# SVD LoRA fine-tuning on robot video clips

Train LoRA adapters for the Stable Video Diffusion (SVD) image-to-video model on random N-frame windows from robot episodes.

## Setup

- Install deps and ensure `checkpoints/svd.safetensors` exists.
- Dataset: directory of episode folders (each with `000000.png`, `000001.png`, ...).

## Usage

```bash
# Single GPU (e.g. GPU 5)
CUDA_VISIBLE_DEVICES=5 python scripts/training/train_svd_lora.py \
  --dataset_root /path/to/parsed_episodes \
  --ckpt checkpoints/svd.safetensors \
  --output_dir outputs/svd_lora_robot \
  --lora_rank 4 --batch_size 1 --steps 2000 --save_every 500

# Multiple GPUs 5–9 (single process uses GPU 5; for DDP you’d need to add support)
CUDA_VISIBLE_DEVICES=5,6,7,8,9 python scripts/training/train_svd_lora.py \
  --dataset_root /data/cameron/keygrip/scratch/parsed_longer_school_slowgrasp_feb10 \
  --output_dir outputs/svd_lora_robot \
  --num_frames 14 --target_num_frames 14 \
  --batch_size 1 --steps 2000
```

## Inference with LoRA

```bash
python scripts/sampling/simple_video_sample.py \
  --input_path /path/to/first_frame.png \
  --lora_path outputs/svd_lora_robot/lora_final.pt
```

## Known issues and status

- **8-frame training**: Can hit a batch shape mismatch (64 vs 8) in a downstream ResBlock; conditioning and VideoTransformerBlock context expansion are fixed for the attention path.
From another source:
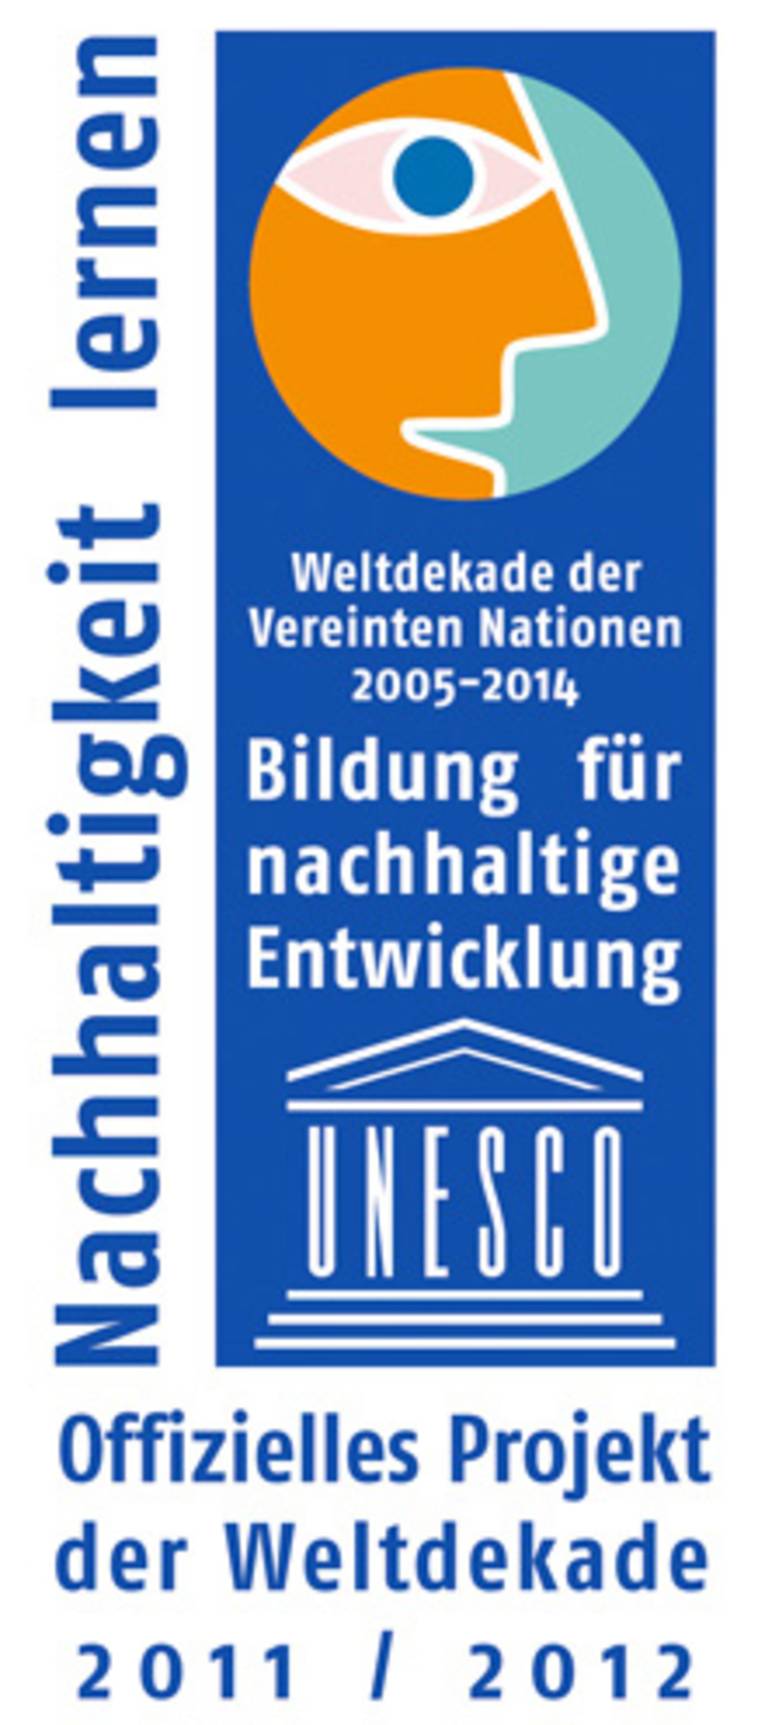 Logo der Vereinten Nationen zum Thema "Nachhaltigkeit lernen" - Bildung für nachhaltige Entwicklung

Still investigating which layer emits batch 64.
- **14-frame training**: Forward passes the attention path but runs **OOM** on a 48GB GPU (576×1024). Use `--num_frames 14 --target_num_frames 14` only with more VRAM, gradient checkpointing, or lower resolution.
- **Conditioning**: SVD uses different batch/spatial layouts in different blocks. Context is expanded in `VideoTransformerBlock` and in `MemoryEfficientCrossAttention` when batch sizes differ so that training can run for the attention path.

## Outputs

- `outputs/svd_lora_robot/lora_final.pt` – LoRA weights (and `lora_step_*.pt` if `--save_every` is set).
- Load with `--lora_path` in `simple_video_sample.py` (base model is still required via the config’s `ckpt_path`).